An upper bound for $\sqrt{p_{n+1}}$

Question

Let $C$ be a positive constant. Is it true that for all sufficiently large integers $n$ the inequality $$\prod_{i=1}^n (1+\frac{1}{\sqrt{p_i}})>C\sqrt{p_{n+1}}$$ holds? (Here with $p_k$ is denoted the $k-$th prime number)

Answer 1

In fact, it is true. First of all denote the expression on the LHS of the inequality with $X.$ For now, fix $n$(which we will choose large enough later). Let $P$ be the set of the first $n$ primes.

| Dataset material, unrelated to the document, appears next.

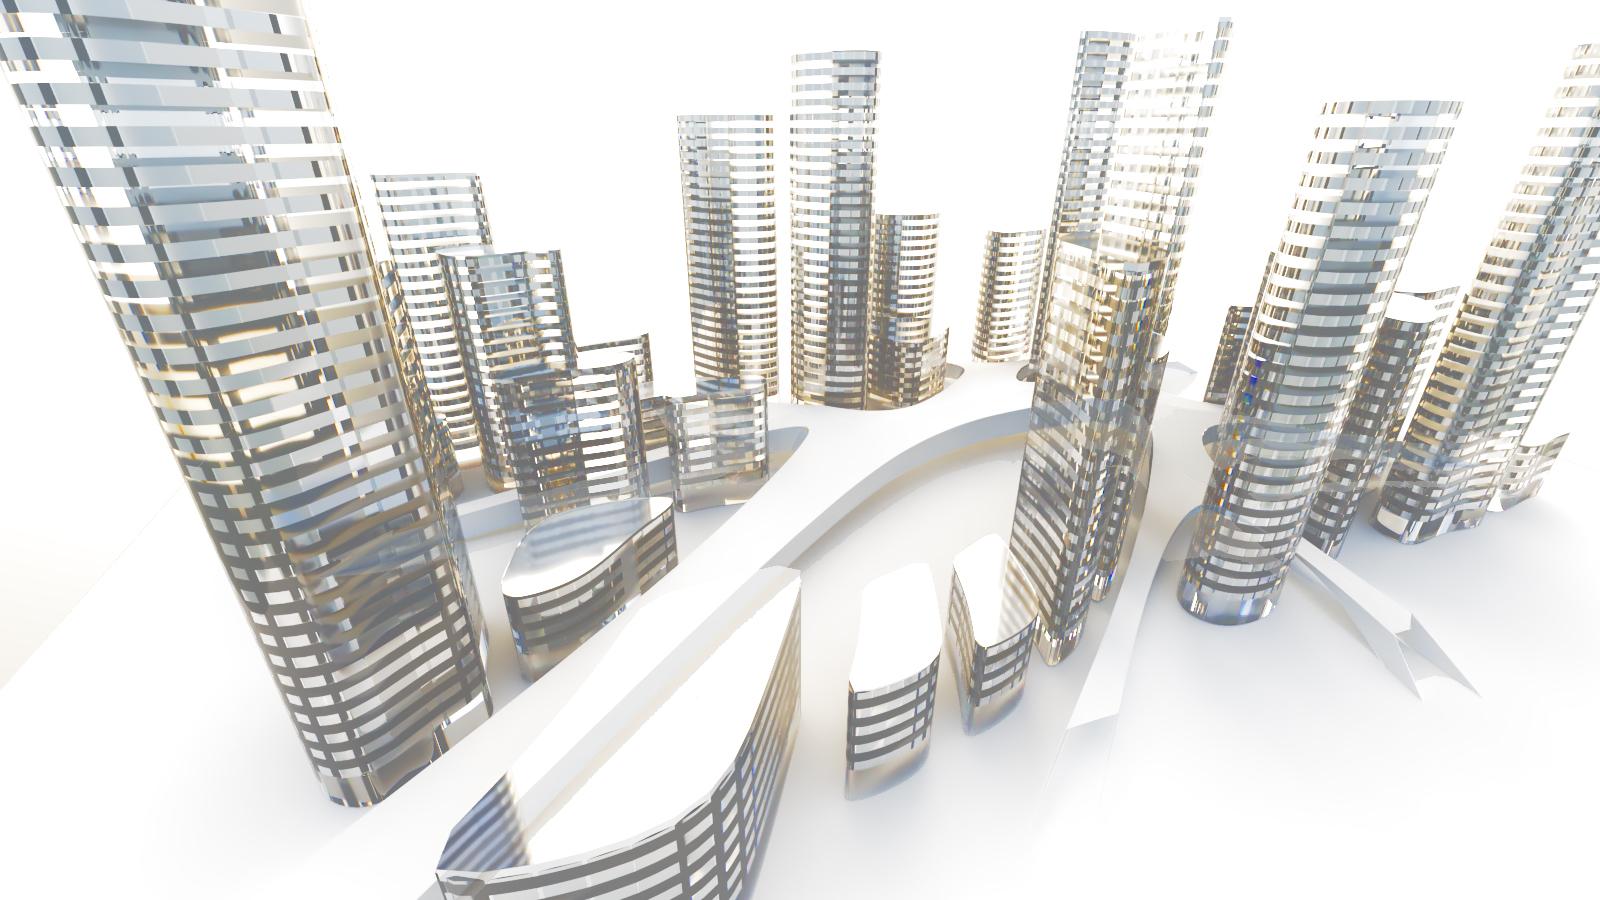 RHINOCEROSとGRASSHOPPERですぐにできるハッタリ未来都市の作り方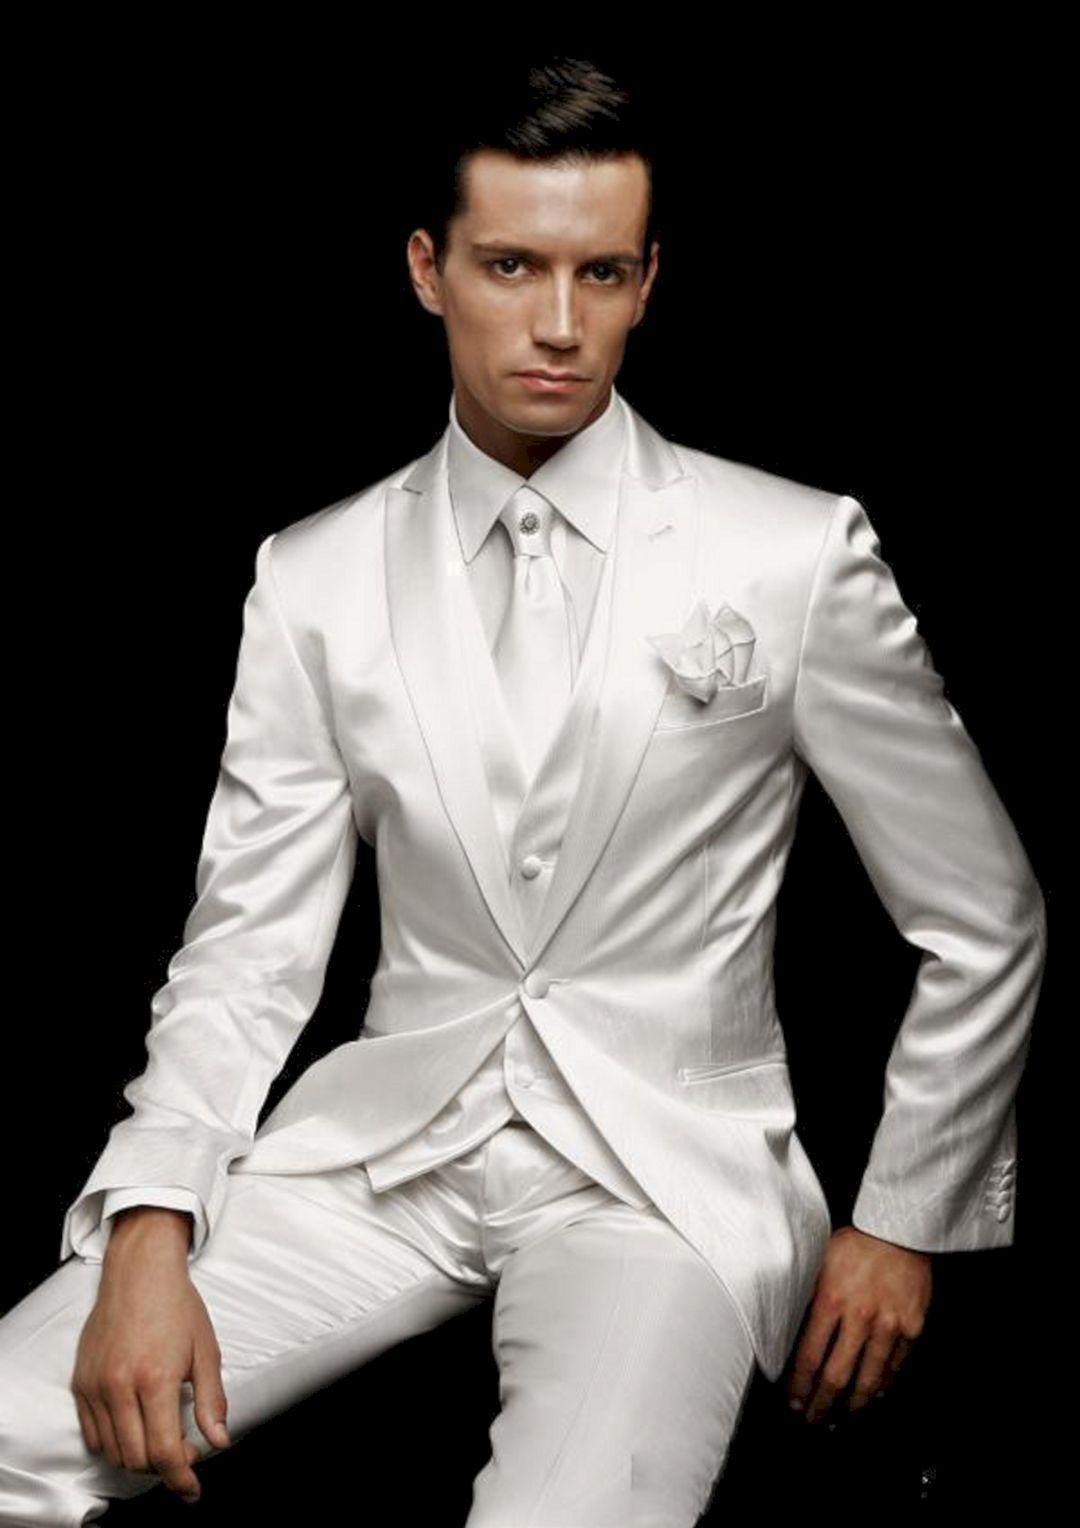 Custom Made Generous White and Gold Vest Tie Groom Tuxedos ...

For a positive integer $N$ we denote by $f(N)$ the number of integers less than or equal to $N$ with squarefree parts, belonging to $P.$ Now let $A$ be a subset of $P$ and let $P(A)$ denotes the product of the elements of $A.$ The number of integers of the form $m^2A$ less than $N$ is exactly $[{\sqrt{\frac{N}{P(A)}}}],$ which is not greater than $\sqrt{\frac{N}{P(A)}}.$ Thus, $$f(N)\leq \sum_{A\subset P} \sqrt{\frac{N}{P(A)}}.$$ Note that the RHS of the inequality is exactly $$\sqrt{N}\prod_{i=1}^{n} (1+\frac{1}{\sqrt{p_i}}),$$ therefore $$X\geq \frac{f(N)}{\sqrt{N}}.$$ Now, let $M$ be a large enough integer and let $N=Mp_{n+1}.$ Let $p_{n+2},\ldots,p_{n+s}$ be all the primes greater than $p_{n+1}$ and smaller than $Mp_{n+1}.$ For each $M$ we can choose $n$ to be large enough such that $p_{n+1}>M.$ Now the numbers in $[1,N],$ which aren't counted in $f(N)$ are those divisible by $p_{n+i}(i=1,\ldots,s).$ So, $$f(N)\geq N(1-\sum_{i=1}^s \frac{1}{p_{n+i}}).$$ Now, pick $n,$ such that $\log{n}>10M.$ It is well known (around the prime number theorem) that $p_n>\frac{n\log{n}}{5}$ for each $n,$ so $Mp_{n+1}>p_{n+s}>\frac{(n+s)\log{(n+s)}}{5}.$ Hence, $$n+s<\frac{5Mp_{n+1}}{\log{(n+s)}}<\frac{5Mp_{n+1}}{\log{n}}<\frac{p_{n+1}}{2}.$$ As a consequence, $$\sum_{i=1}^{s} \frac{1}{p_{n+i}}<\frac{s}{p_{n+1}}<\frac{1}{2}.$$ Therefore, $$X\geq\frac{f(Mp_{n+1})}{\sqrt{Mp_{n+1}}}\geq \frac{Mp_{n+1}}{2\sqrt{Mp_{n+1}}}\geq \frac{\sqrt{Mp_{n+1}}}{2}>C\sqrt{p_{n+1}}$$ for $M>4C^2.$